── Information supplied ──

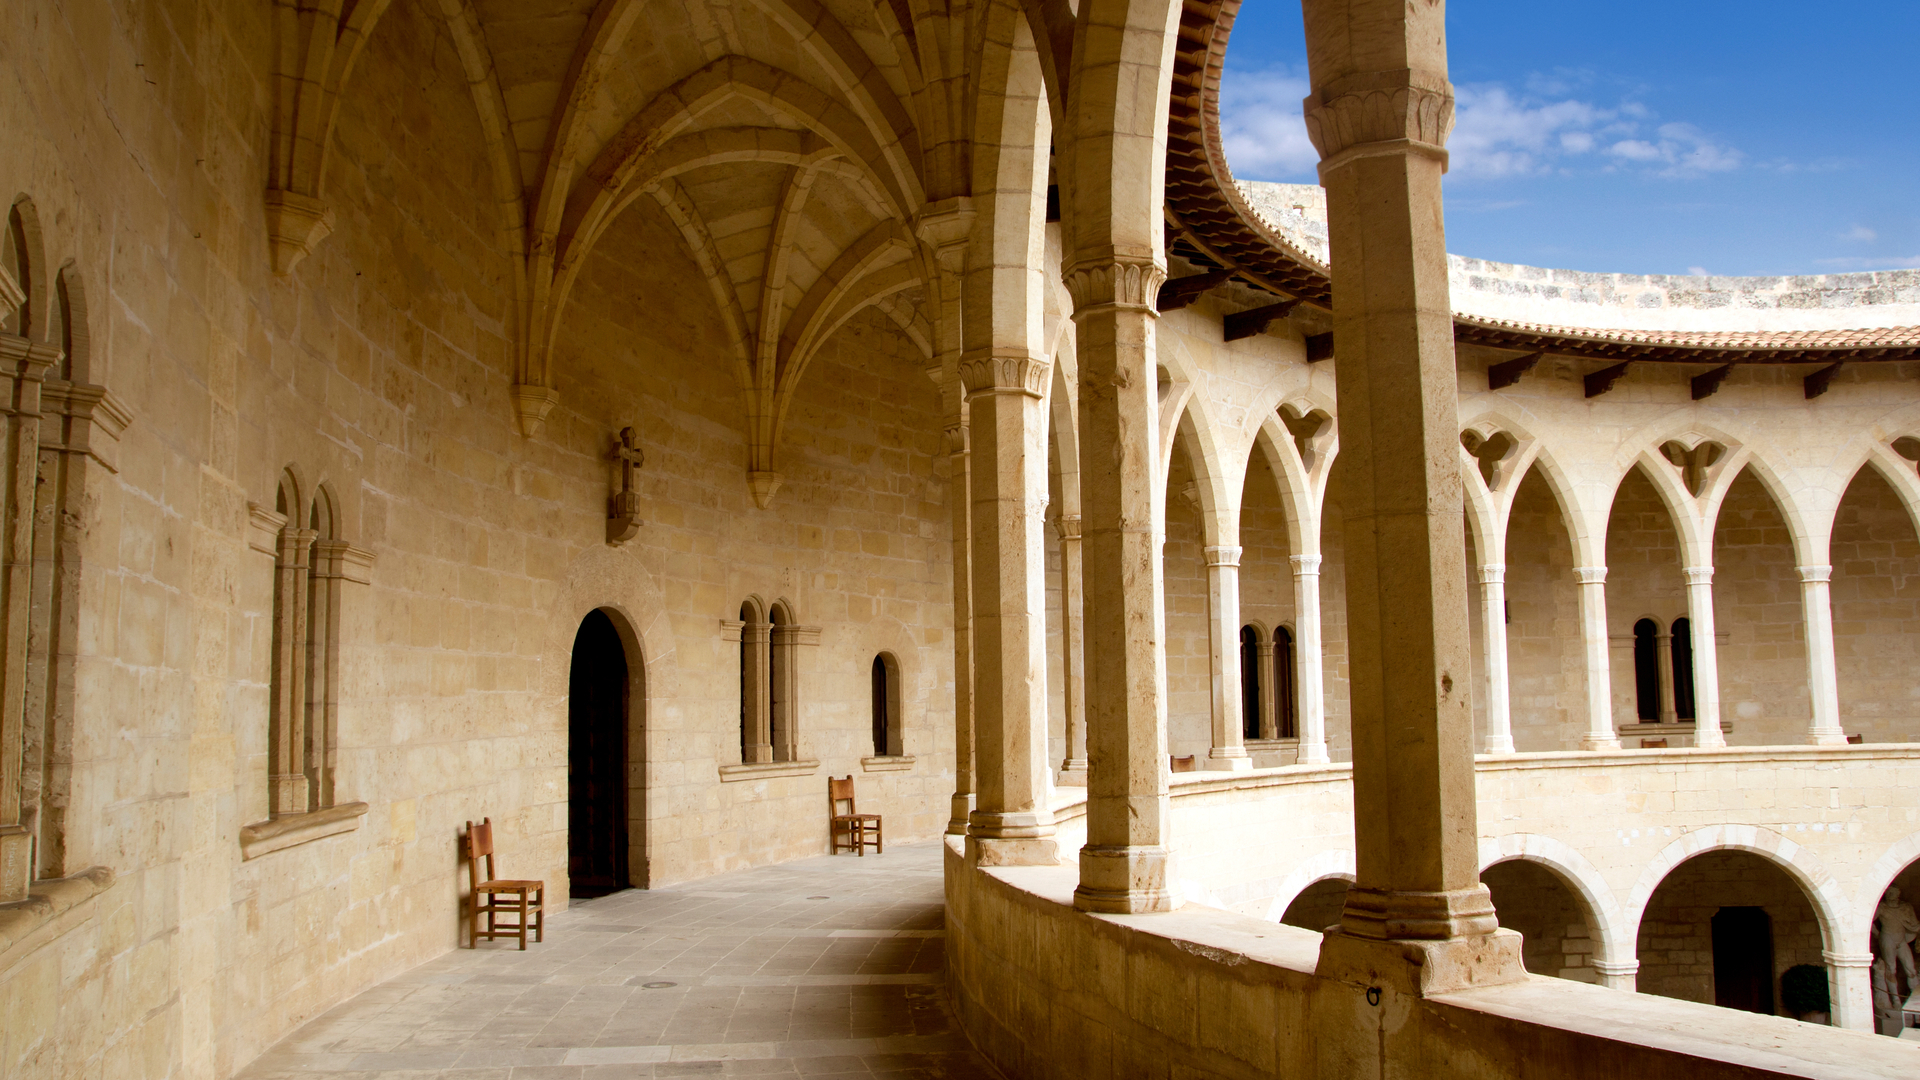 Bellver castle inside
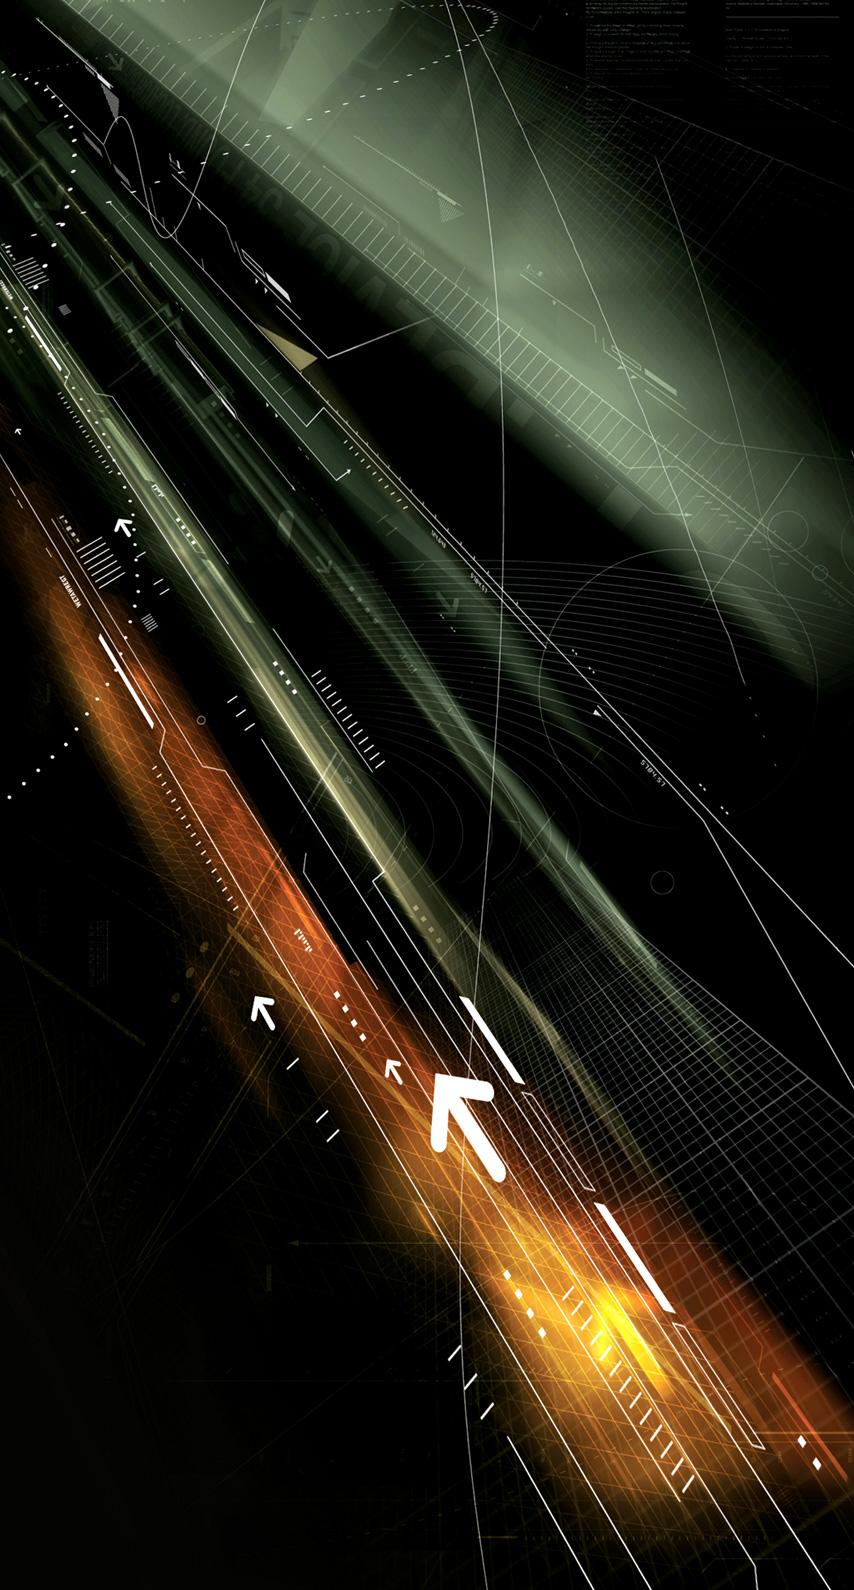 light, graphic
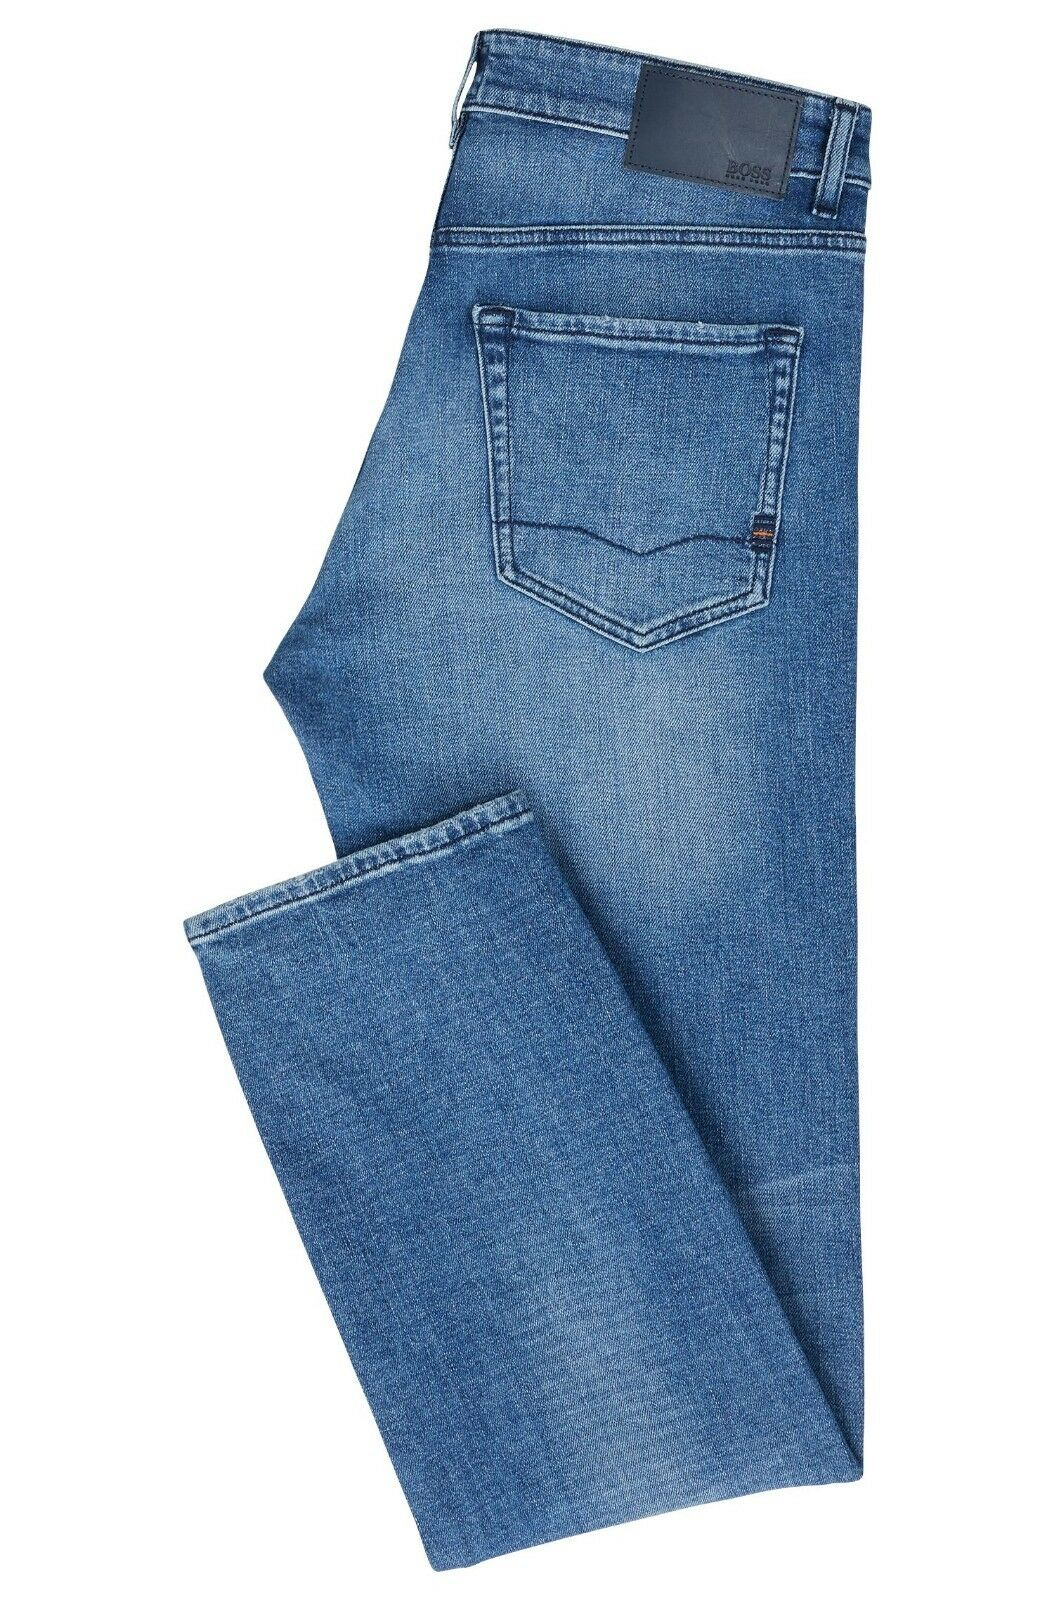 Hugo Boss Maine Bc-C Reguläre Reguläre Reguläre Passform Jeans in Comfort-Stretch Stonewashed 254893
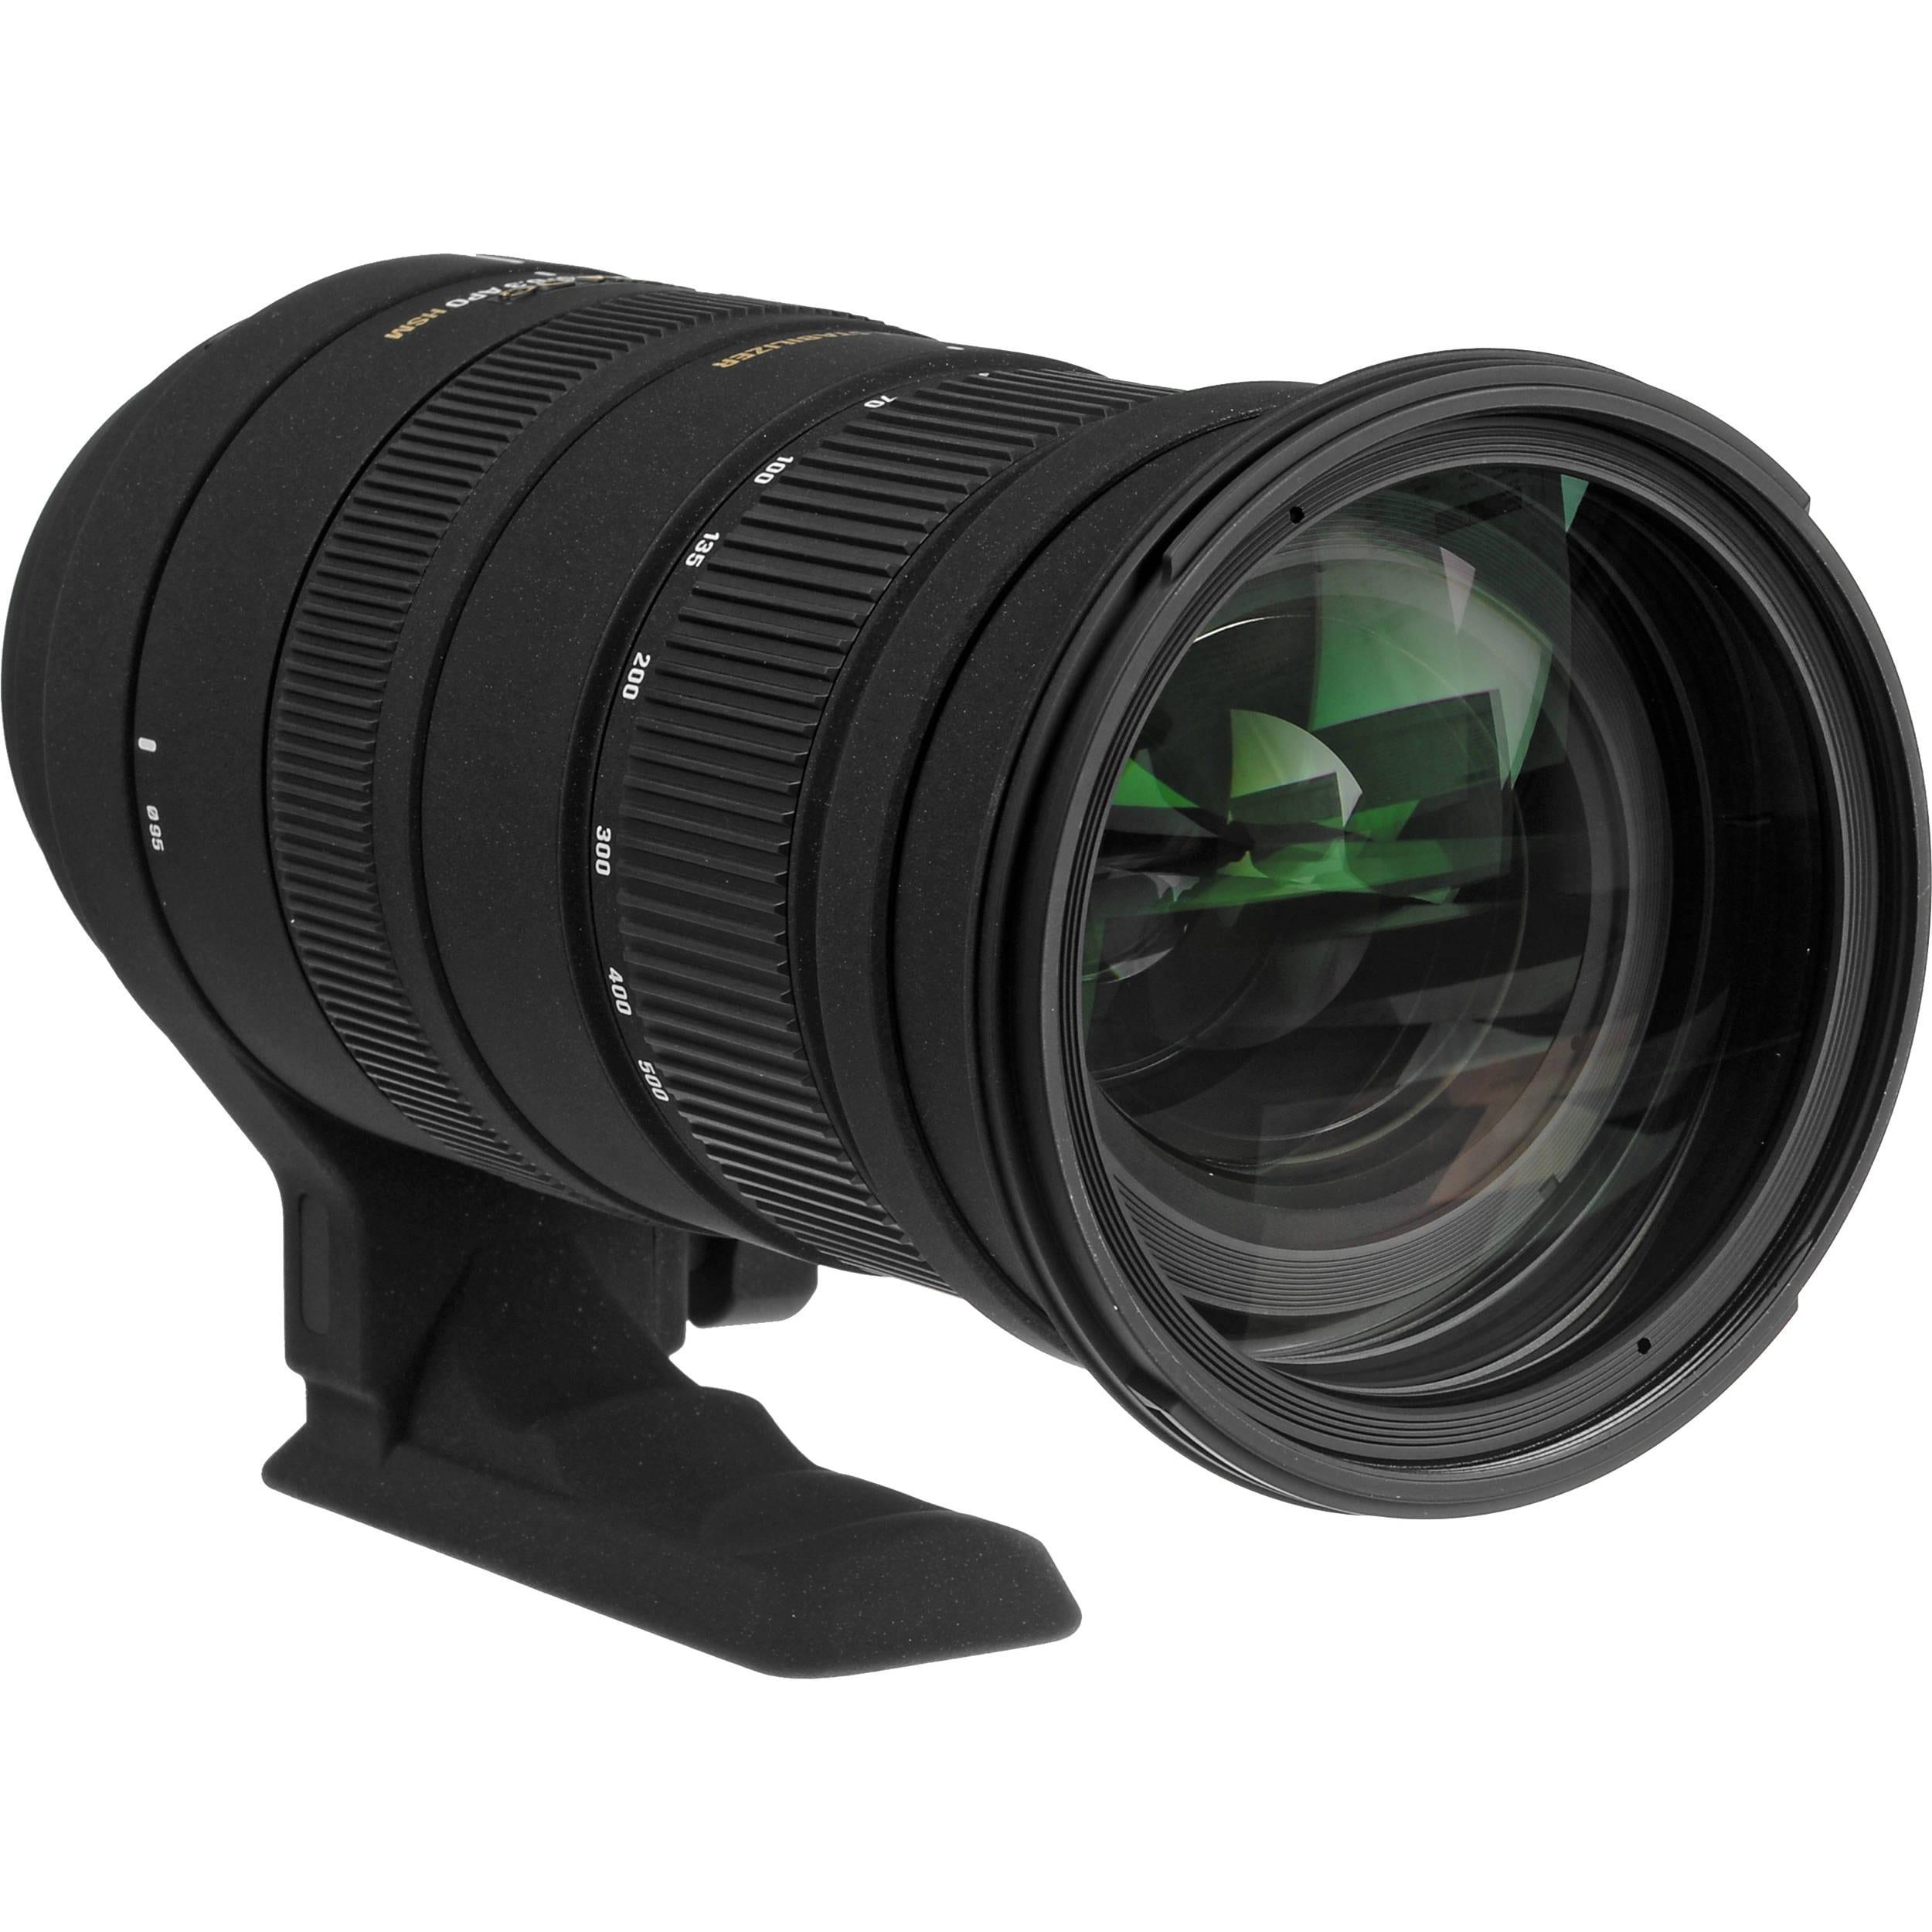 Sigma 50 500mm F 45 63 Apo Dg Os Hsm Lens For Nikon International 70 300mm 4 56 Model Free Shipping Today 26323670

───

### Problem description
With the pictures removed, set down every line of the listing above exactly.

### Response for this exercise
 Bellver castle inside
 light, graphic
 Hugo Boss Maine Bc-C Reguläre Reguläre Reguläre Passform Jeans in Comfort-Stretch Stonewashed 254893
 Sigma 50 500mm F 45 63 Apo Dg Os Hsm Lens For Nikon International 70 300mm 4 56 Model Free Shipping Today 26323670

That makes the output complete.